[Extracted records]
++++++++
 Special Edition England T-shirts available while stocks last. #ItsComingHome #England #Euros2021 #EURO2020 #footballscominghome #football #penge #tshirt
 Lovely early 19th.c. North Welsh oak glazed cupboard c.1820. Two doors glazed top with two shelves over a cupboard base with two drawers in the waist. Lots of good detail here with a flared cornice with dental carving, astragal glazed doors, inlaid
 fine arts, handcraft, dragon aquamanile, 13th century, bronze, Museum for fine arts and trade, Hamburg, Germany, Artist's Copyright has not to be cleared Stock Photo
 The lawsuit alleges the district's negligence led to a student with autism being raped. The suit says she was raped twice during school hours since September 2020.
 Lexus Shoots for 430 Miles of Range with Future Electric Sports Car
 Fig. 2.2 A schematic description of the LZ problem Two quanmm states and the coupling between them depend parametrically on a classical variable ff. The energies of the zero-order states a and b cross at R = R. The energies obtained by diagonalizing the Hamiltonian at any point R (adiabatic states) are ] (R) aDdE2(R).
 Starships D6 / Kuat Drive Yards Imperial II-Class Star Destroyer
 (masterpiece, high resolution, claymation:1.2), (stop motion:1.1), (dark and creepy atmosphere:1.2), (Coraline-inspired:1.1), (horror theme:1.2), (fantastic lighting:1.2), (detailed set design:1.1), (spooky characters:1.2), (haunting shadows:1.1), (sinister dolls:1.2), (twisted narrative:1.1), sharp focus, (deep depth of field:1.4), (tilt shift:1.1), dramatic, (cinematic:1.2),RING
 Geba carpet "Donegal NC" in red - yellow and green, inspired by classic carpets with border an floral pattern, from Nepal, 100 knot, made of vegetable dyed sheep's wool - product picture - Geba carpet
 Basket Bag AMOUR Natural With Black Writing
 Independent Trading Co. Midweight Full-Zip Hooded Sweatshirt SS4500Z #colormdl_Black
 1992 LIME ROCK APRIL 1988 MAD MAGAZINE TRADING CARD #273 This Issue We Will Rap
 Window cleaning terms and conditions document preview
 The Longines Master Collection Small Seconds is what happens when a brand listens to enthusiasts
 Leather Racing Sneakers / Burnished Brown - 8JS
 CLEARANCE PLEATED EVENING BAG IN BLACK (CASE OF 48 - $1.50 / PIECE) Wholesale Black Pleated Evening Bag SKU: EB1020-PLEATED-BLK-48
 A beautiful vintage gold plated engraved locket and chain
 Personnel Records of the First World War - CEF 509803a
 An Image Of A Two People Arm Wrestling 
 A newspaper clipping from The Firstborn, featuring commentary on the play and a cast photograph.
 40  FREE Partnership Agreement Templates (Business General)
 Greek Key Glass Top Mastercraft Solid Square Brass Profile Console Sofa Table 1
++++++++
What you should do: Would you copy out all the entries above without changing a single character?

Written response:
 Special Edition England T-shirts available while stocks last. #ItsComingHome #England #Euros2021 #EURO2020 #footballscominghome #football #penge #tshirt
 Lovely early 19th.c. North Welsh oak glazed cupboard c.1820. Two doors glazed top with two shelves over a cupboard base with two drawers in the waist. Lots of good detail here with a flared cornice with dental carving, astragal glazed doors, inlaid
 fine arts, handcraft, dragon aquamanile, 13th century, bronze, Museum for fine arts and trade, Hamburg, Germany, Artist's Copyright has not to be cleared Stock Photo
 The lawsuit alleges the district's negligence led to a student with autism being raped. The suit says she was raped twice during school hours since September 2020.
 Lexus Shoots for 430 Miles of Range with Future Electric Sports Car
 Fig. 2.2 A schematic description of the LZ problem Two quanmm states and the coupling between them depend parametrically on a classical variable ff. The energies of the zero-order states a and b cross at R = R. The energies obtained by diagonalizing the Hamiltonian at any point R (adiabatic states) are ] (R) aDdE2(R).
 Starships D6 / Kuat Drive Yards Imperial II-Class Star Destroyer
 (masterpiece, high resolution, claymation:1.2), (stop motion:1.1), (dark and creepy atmosphere:1.2), (Coraline-inspired:1.1), (horror theme:1.2), (fantastic lighting:1.2), (detailed set design:1.1), (spooky characters:1.2), (haunting shadows:1.1), (sinister dolls:1.2), (twisted narrative:1.1), sharp focus, (deep depth of field:1.4), (tilt shift:1.1), dramatic, (cinematic:1.2),RING
 Geba carpet "Donegal NC" in red - yellow and green, inspired by classic carpets with border an floral pattern, from Nepal, 100 knot, made of vegetable dyed sheep's wool - product picture - Geba carpet
 Basket Bag AMOUR Natural With Black Writing
 Independent Trading Co. Midweight Full-Zip Hooded Sweatshirt SS4500Z #colormdl_Black
 1992 LIME ROCK APRIL 1988 MAD MAGAZINE TRADING CARD #273 This Issue We Will Rap
 Window cleaning terms and conditions document preview
 The Longines Master Collection Small Seconds is what happens when a brand listens to enthusiasts
 Leather Racing Sneakers / Burnished Brown - 8JS
 CLEARANCE PLEATED EVENING BAG IN BLACK (CASE OF 48 - $1.50 / PIECE) Wholesale Black Pleated Evening Bag SKU: EB1020-PLEATED-BLK-48
 A beautiful vintage gold plated engraved locket and chain
 Personnel Records of the First World War - CEF 509803a
 An Image Of A Two People Arm Wrestling 
 A newspaper clipping from The Firstborn, featuring commentary on the play and a cast photograph.
 40  FREE Partnership Agreement Templates (Business General)
 Greek Key Glass Top Mastercraft Solid Square Brass Profile Console Sofa Table 1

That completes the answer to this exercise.